My 12 year old son is visiting me in Cairo for Christmas (we celebrate on 25th Dec). My husband and his family are Muslim, so we won't have the traditional Christmas like we would back home. Can anyone recommend some places that are festive where we can feel like it's Christmas? Thanks in advance!


----------



## MaidenScotland (Jun 6, 2009)

You need to find an expat club. Try the BCA in Maadi. Tickets for lunch should be available. Merry Christmas


----------



## magy2misho (Nov 23, 2015)

I don't think that Egypt celebrates Christmas on December 25 like the Americans do.

As far as I know, Christmas here is celebrated in January, so I doubt that you will even find the churches in the Christmas vibe.
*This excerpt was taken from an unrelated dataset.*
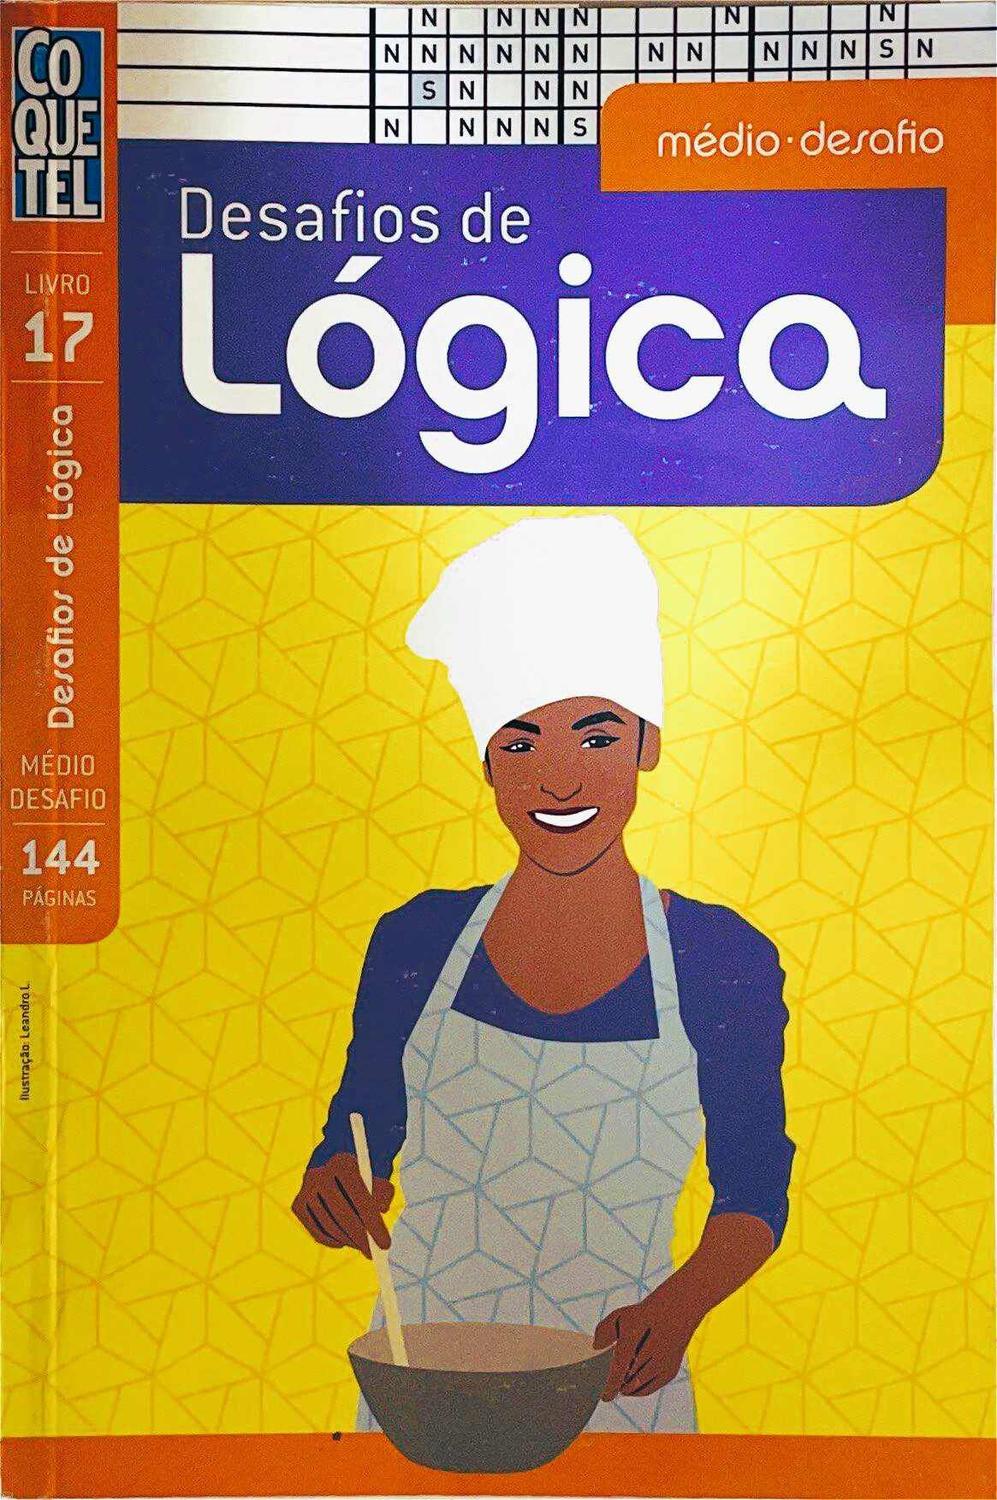 Desafios De Logica - Nivel Medio-desafio - Vol. 13 - 9788577487516

Then again, maybe in Cairo it's different.

Were I live, celebrations here are kept a little bit below par by Christians and although Muslims do believe and love Jesus (peace be upon him) as a great Prophet of God , you will most definitely not find any celebrating Christmas either.
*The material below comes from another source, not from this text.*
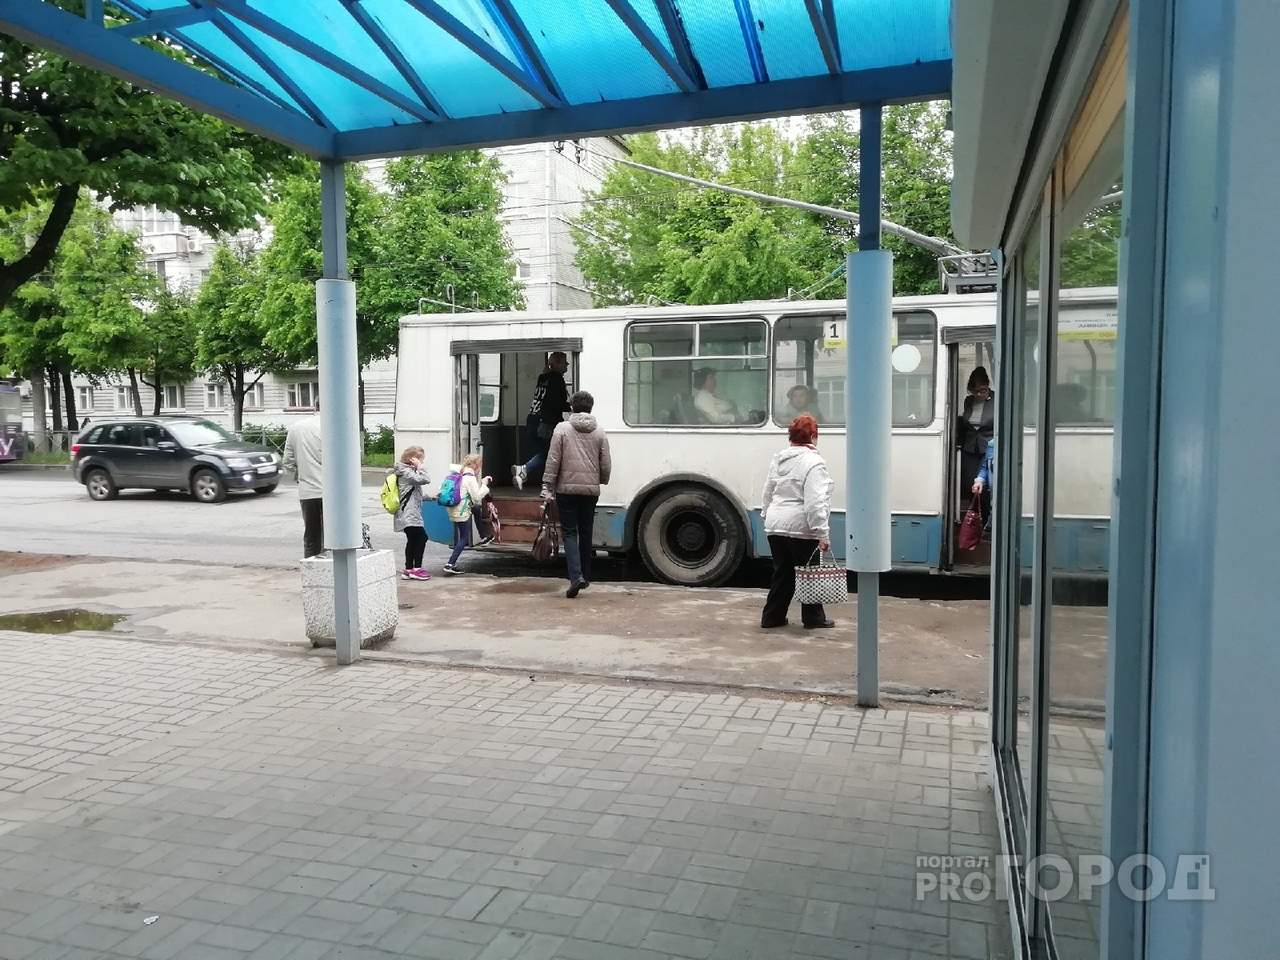 Йошкар-Ола попала в ТОП-40 по качеству работы общественного транспорта

Sorry to break it to you, but I don't think you will really feel the Christmas spirit much here in Egypt.

Hope your son arrives safely!


----------



## Gounie (Jan 27, 2011)

magy2misho said:


> Sorry to break it to you, but I don't think you will really feel the Christmas spirit much here in Egypt.


Plenty of Christmas spirit on the Red Sea Coast of Egypt and a church service at 11am in English on Christmas Day:

https://www.facebook.com/media/set/?set=a.10153731335893255.1073741920.665383254&type=1&l=48b0a6e21a

Merry Christmas everyone.


----------